L’ex-homme fort de Monrovia gère 90% de l’économie libérienne. Son exil au Nigeria, depuis le 11 août dernier, ne l’empêche pas de garder la main-mise sur les affaires du pays et d’avoir des contacts quotidiens avec le vice-président Moses Blah.
Pas facile d’abandonner quatorze années de pouvoir absolu. Pas facile non plus de renoncer aux dividendes qui en découlent. Charles Taylor, bien qu’il soit en exil au Nigeria depuis le 11 août dernier, tient encore les rênes des pouvoirs politique et économique au Liberia. C’est ce qu’affirmait vendredi dernier Jacques Klein, le représentant spécial de Koffi Annan : « L’ancien chef de guerre en exil conduit encore le Liberia ». Samedi, le journal The Vanguard rapportait que certains ministres libériens avaient fait le déplacement à Calabar, la ville d’exil de Taylor, pour le rencontrer.
Selon des diplomates cités par The News, Taylor appellerait plusieurs fois par jour le vice-président Moses Blah (qu’il a désigné à sa succession le 11 août) et le ministre des Affaires étrangères Lewis Brown. « Charles Taylor tente de déstabiliser la situation », explique Geoffrey Rudd, le représentant de l’Union européenne pour le Liberia. « Je pense qu’il veut prouver que ce n’est pas lui le problème, que le pays n’est pas sûr et qu’il y aura toujours des combats. » Certains officiels étrangers auraient même demandé au Président nigérian Olusegun Obasanjo de couper les lignes téléphoniques de son hôte…
Jamais sans mes millions
Pour le moment, il n’en est pas question et Charles Taylor utilise son combiné pour défendre ses intérêts économiques dans la coulisse. Il tenterait ainsi de faire payer certaines dettes à des hommes d’affaires de Monrovia et sollicite des donations de leur part. « Nous ne savons pas pour quelles raisons il lève de l’argent. Ce qui est clair, c’est qu’il garde le contact avec les anciens membres de son gouvernement », a affirmé Geoffrey Rudd à l’Associated Press.

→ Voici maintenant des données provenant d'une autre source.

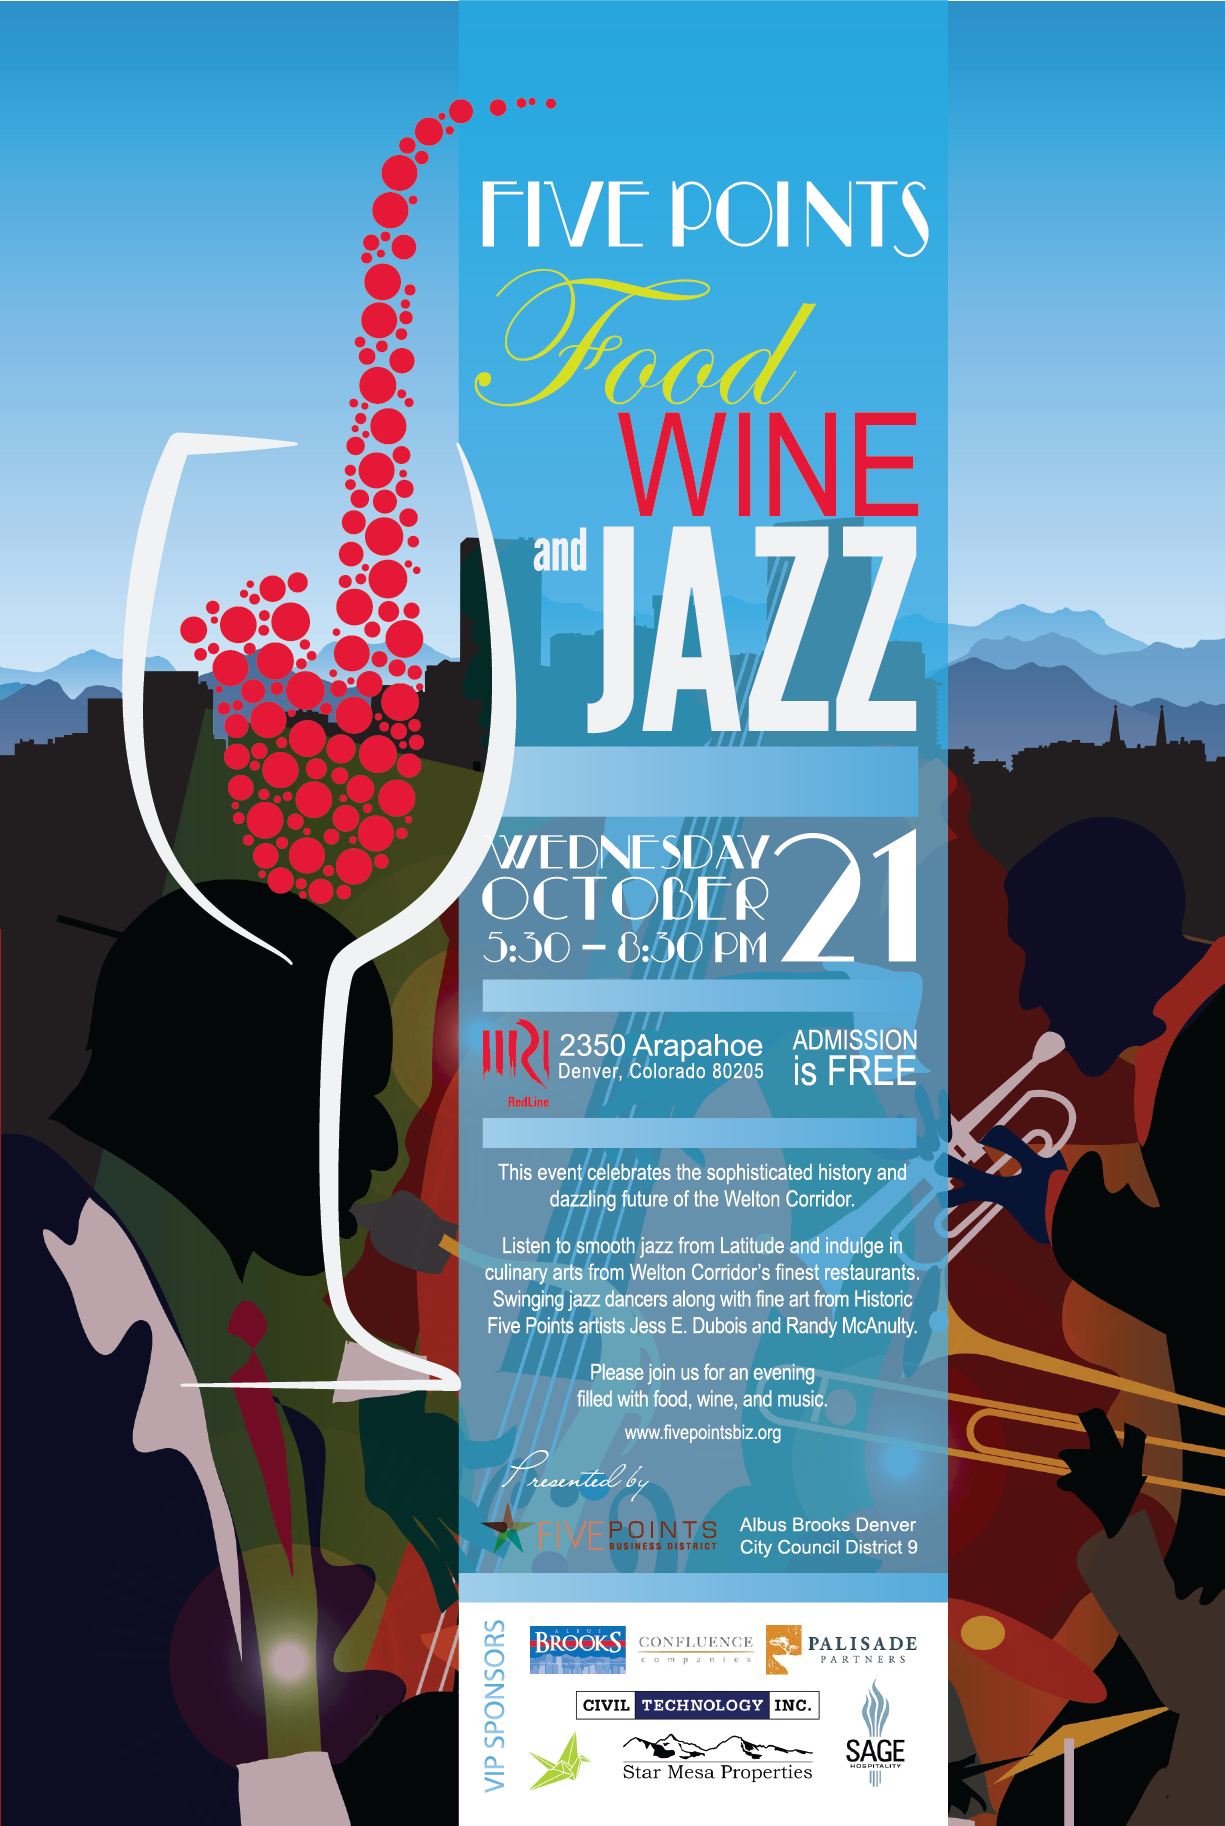 Five Points Food Wine and Jazz @ Redline Gallery | Denver | Colorado | United States

Selon divers observateurs, Taylor contrôlerait aujourd’hui 90% de l’économie libérienne, qu’il gère depuis sa villa de Calabar… Du temps de sa présidence, c’est déjà lui qui régentait tous les secteurs-clés, épaulé par six ou sept hommes d’affaires de confiance : l’or, les diamants, les importations de riz et de gaz, les exportations de bois, l’imprimerie et le frêt. En plus de 10 ans, il a eu le temps d’ouvrir plusieurs comptes en banque en Suisse. Selon Jacques Klein, il aurait quitté le Liberia en emportant 3 millions de dollars, destinés initialement aux militaires. Cette somme, fournie par un pays asiatique dont le nom n’a pas été révélé, aurait dû servir à réhabiliter les ex-combattants et à payer les soldats, notamment la garde présidentielle d’élite.
Aujourd’hui, « il n’y a plus d’argent dans les caisses de l’Etat », assure Jacques Klein. « Ce qui pose un vrai problème pour reconstruire le pays. » L’économique est au cœur du politique. Tant que Taylor n’aura pas lâché sa main-mise sur les finances de l’Etat libérien, le pays ne pourra ouvrir ses marchés, introduire la concurrence et mettre en place une réglementation adéquate. Le gouvernement de transition, nommé en octobre prochain, devra être suffisamment fort et indépendant pour mettre Taylor totalement à l’écart des affaires du pays.